KIM&CHANG
Newsletter | December 2013
CORPORATE
Supreme Court Decision on PEF
In a lawsuit involving a Cayman limited partnership (“Cayman LP”) that invested in a Korean company through a chain of holding companies, the Supreme Court of Korea recently held that the Cayman LP itself (as opposed to limited partners thereof) should be deemed as beneficial owner of the capital gains resulting from the sale of the shares in the Korean company.
The purchaser of the shares in the Korean company (the Plaintiff of this case) initially did not withhold any tax on the capital gains when it bought the shares from a Labuan company below the Cayman LP, relying on the Korea-Malaysia Tax Treaty.  In a subsequent tax audit, tax auditors disregarded the Labuan company and all the above level entities (including the Cayman LP) as beneficial owners of the capital gains.  Information on the tax residency of the limited partners of the Cayman LP was submitted to the tax auditors and certain limited partners which are residents of countries having tax treaties with Korea were excluded from taxation on such capital gains. However, the other limited partners from countries having no such tax treaty or whose treaty with Korea do not exempt capital gains from Korean income tax were subject to capital gains tax, which was assessed on the purchaser of the shares in the form of withholding tax.  Under the relevant share purchase agreement, the purchaser could not seek reimbursement of the tax from the seller of the shares and thus, appealed the tax assessment.
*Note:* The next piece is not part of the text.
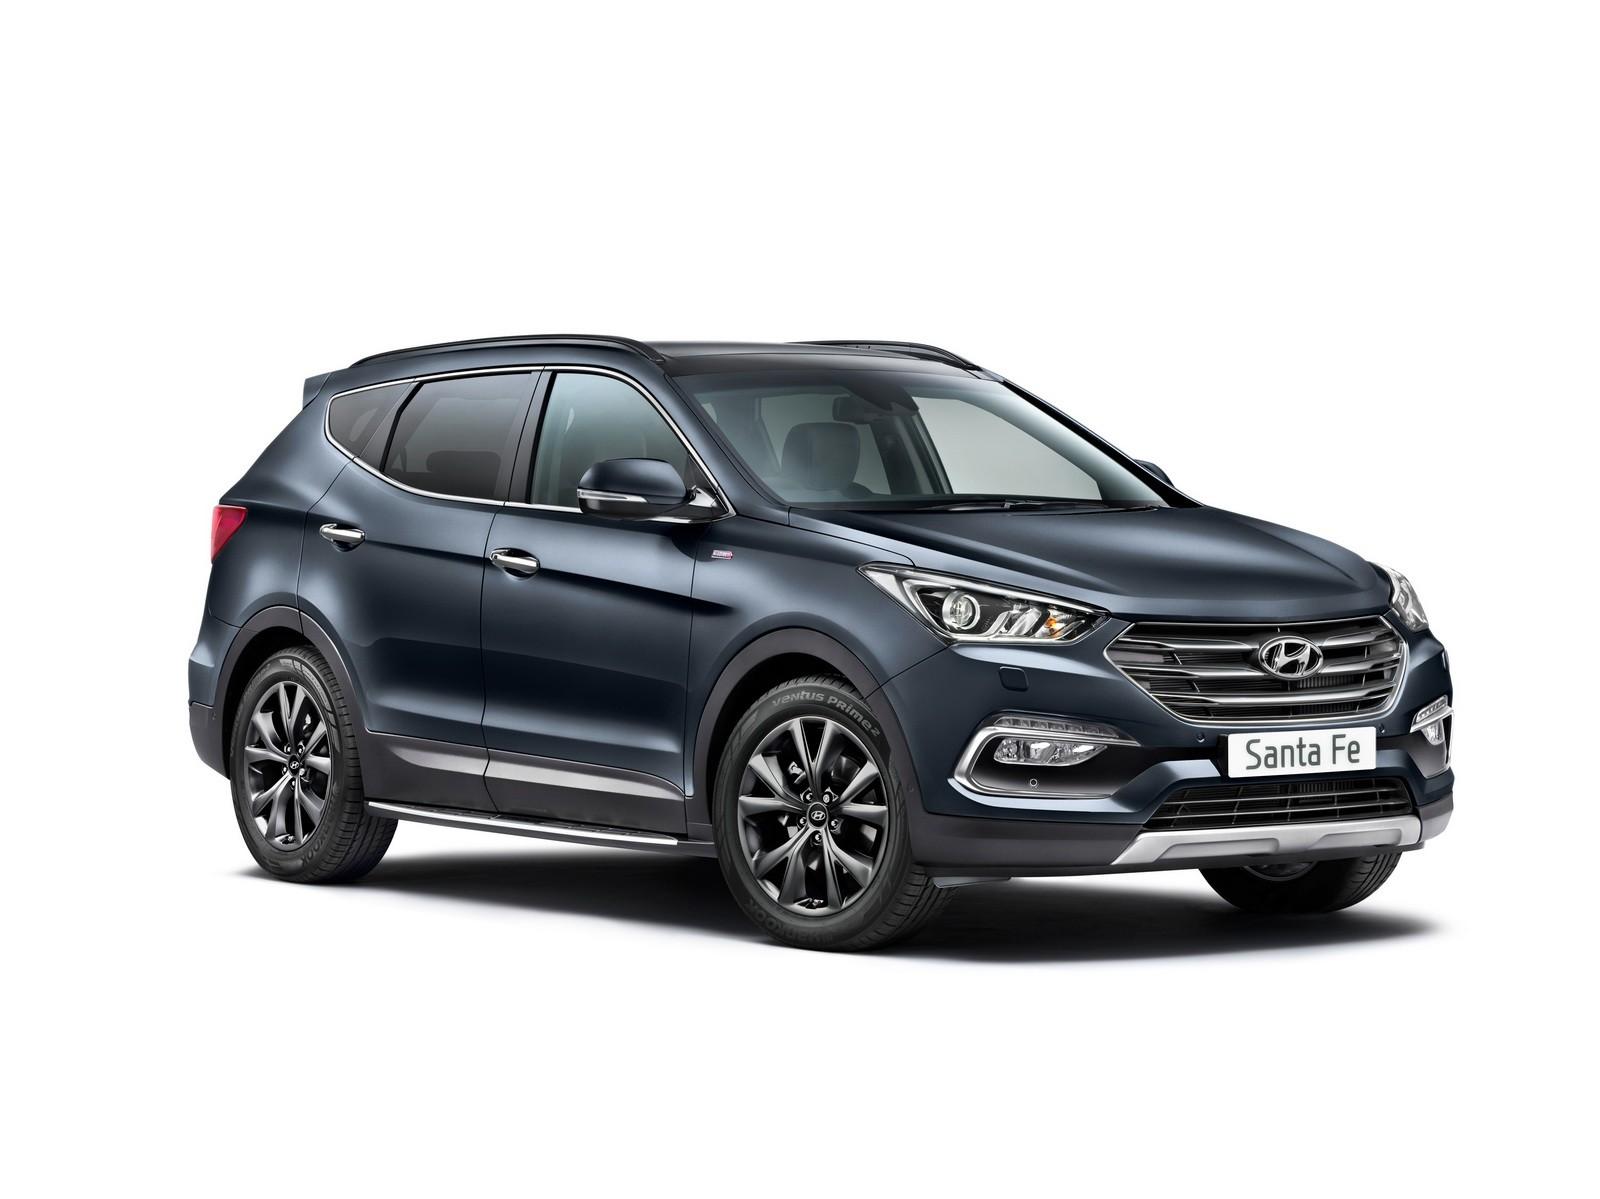 Hyundai SantaFe bản đặc biệt tại Anh có gì mới?

The Supreme Court’s decision is based on following grounds:
An association, foundation or any other organization that is a for-profit organization which distributes Korean source income to its members should be treated as a taxpayer subject to corporate income tax if it can be treated as a foreign corporation pursuant to the Corporate Income Tax Law.
Whether an organization can be treated as a foreign corporation pursuant to the Corporate Income Tax Law is based on whether an organization can be viewed as an entity with rights and obligations separate from its members from a Korean private law perspective considering the laws of the country in which the organization was established and the characteristics of the organization.
Based on the fact that the Cayman LP (i) was established for distributing profits from a joint business; (ii) is composed of a general partner with unlimited liabilities and limited partners with limited liabilities; and (iii) participated in management of the Korean company as a controlling shareholder to increase the corporate value by appointing friendly individuals as directors, it should be considered that the Cayman LP was established with a distinct business objective.  As such, the Cayman LP cannot be viewed as a for-profit organization not having any substantive ability to control or manage the shares of the Korean company.
The Supreme Court went on to hold that the High Court should have determined whether the Cayman LP should be treated as a taxpayer subject to corporate income tax or whether the limited partners of the Cayman LP should be treated as a taxpayer subject to personal income tax.  (The Supreme Court’s decision is read to mean that the Cayman LP should be treated as a foreign corporation.)
Based on this decision, the case was remanded to the High Court for retry.
The Supreme Court’s decision is not final since it ordered the case to be retried at the High Court.  Nonetheless, this case is noteworthy because the Supreme Court further clarified its previous position indirectly provided in other recent Supreme Court, that a Cayman LP itself should be treated as beneficial owner of the capital gains and as a foreign corporation.  In particular, this decision appears to have a greater significance because, unlike in previous Supreme Court cases, the taxpayer had already revealed information on the tax residency of the limited partners and the tax authorities had already applied the tax treaty based on such residency of the limited partners in the Cayman LP.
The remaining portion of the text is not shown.